What you have to do:
The required result is an exact copy of every line from the one with "This long sleeve" through the last line below, with the pictures left out.

Data block:

○ ○ ○ ○

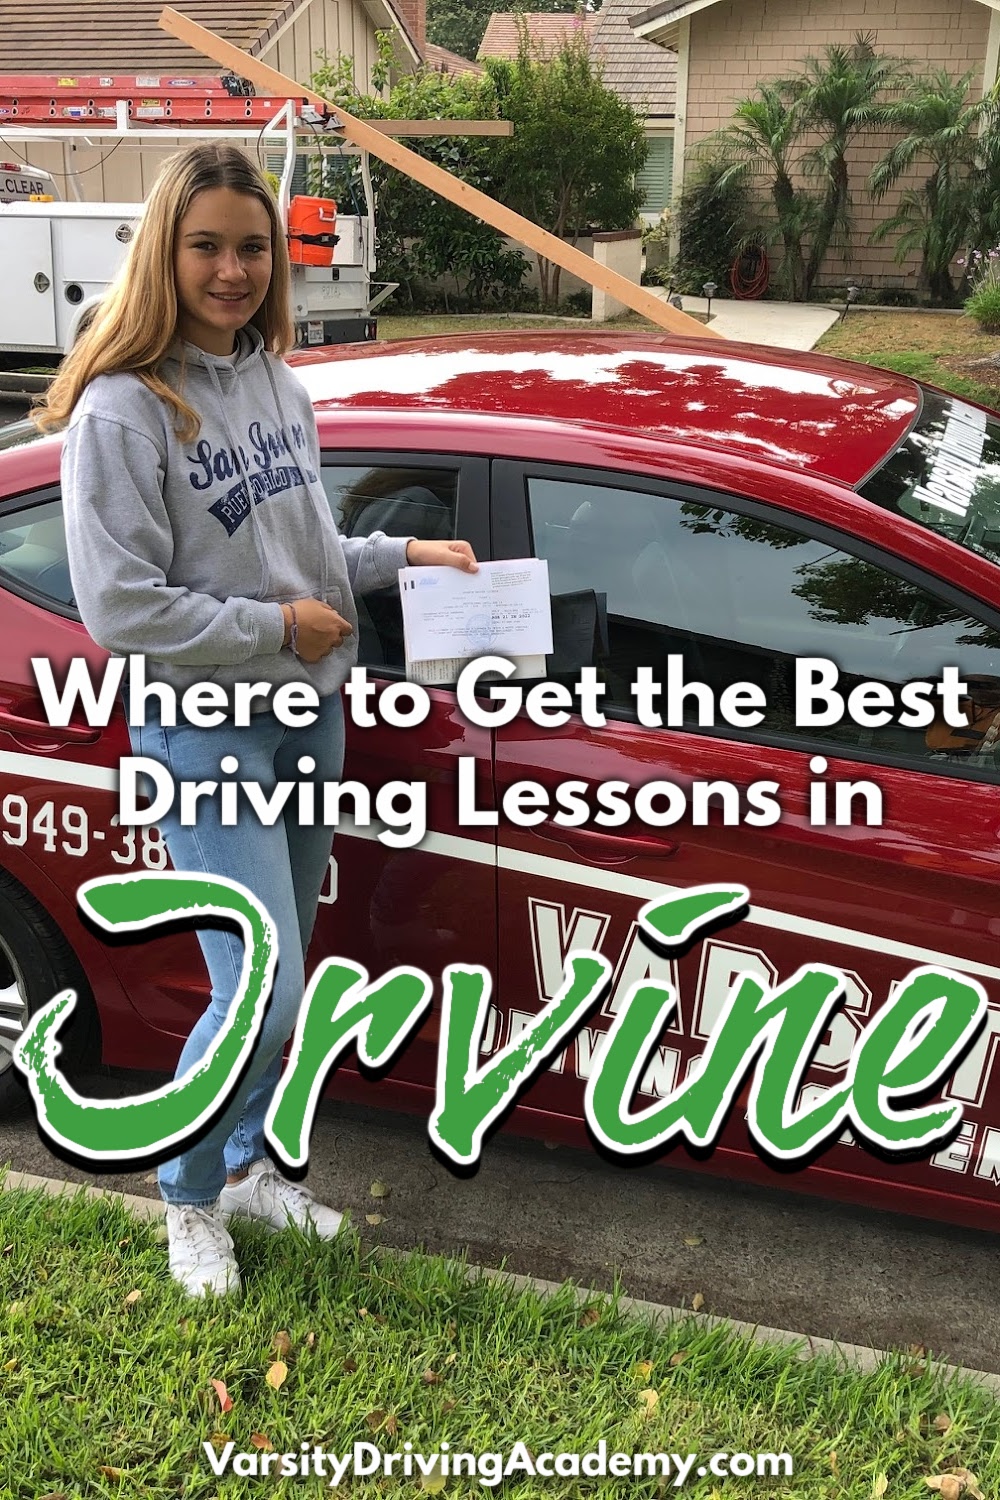 Finding out where the best driving lessons in Irvine are will help you learn to drive in Irvine with safe practices and better habits.
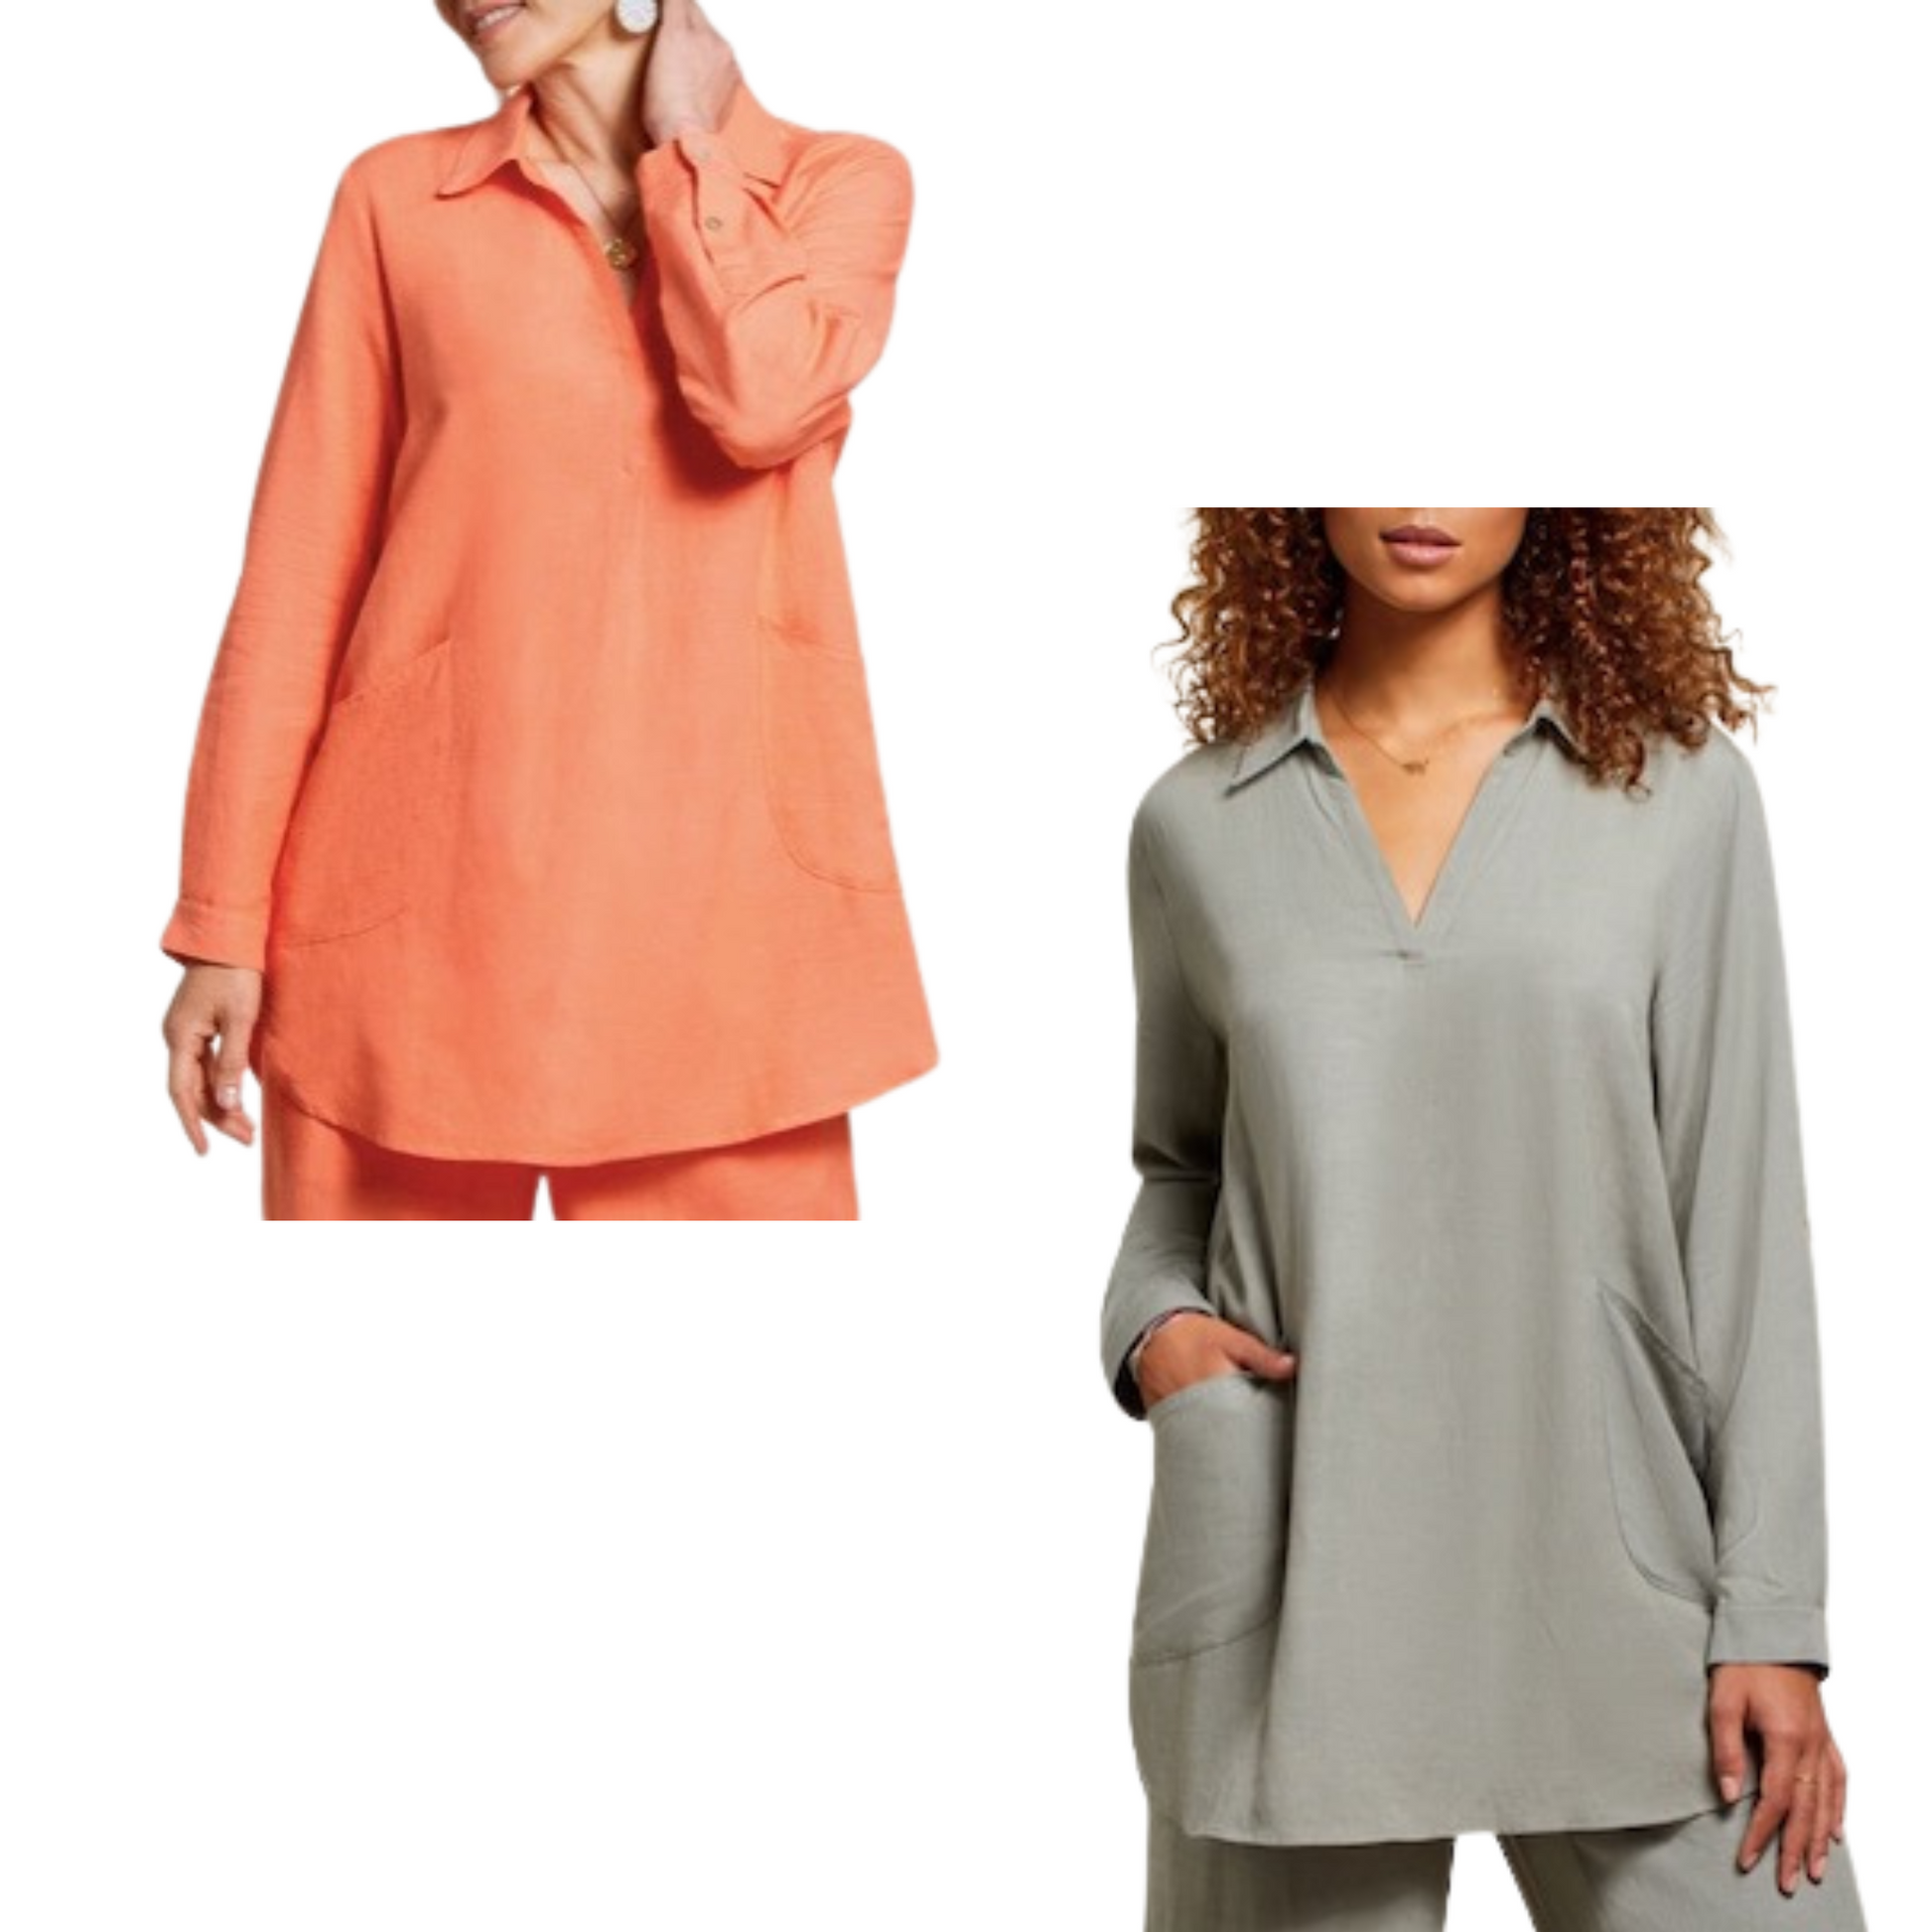 This long sleeve tunic blouse comes in two stylish colors: coral and bay leaf. The loose fit design features long sleeves, a v neck, and a classic collared style – showcasing effortless sophistication. Perfect for a chic look for any occasion.
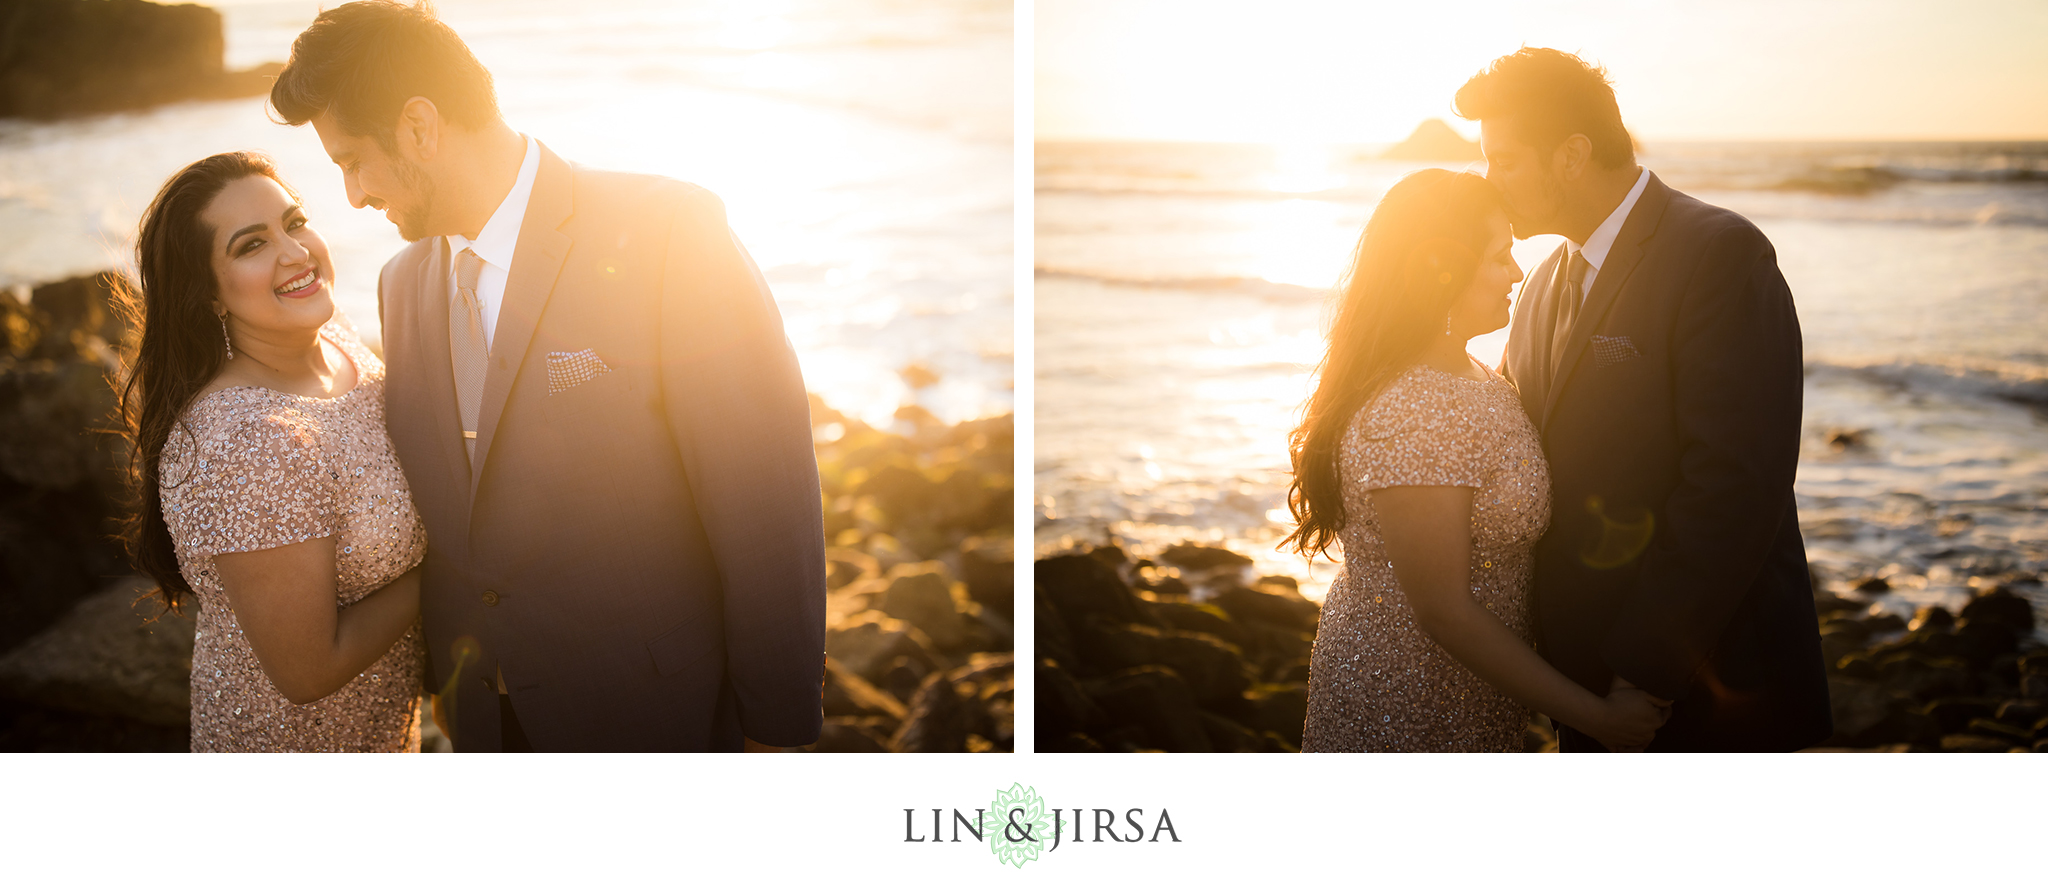 16-San-francisco-muir-woods-marin-county-engagement-photography

○ ○ ○ ○

Result:
 This long sleeve tunic blouse comes in two stylish colors: coral and bay leaf. The loose fit design features long sleeves, a v neck, and a classic collared style – showcasing effortless sophistication. Perfect for a chic look for any occasion.
 16-San-francisco-muir-woods-marin-county-engagement-photography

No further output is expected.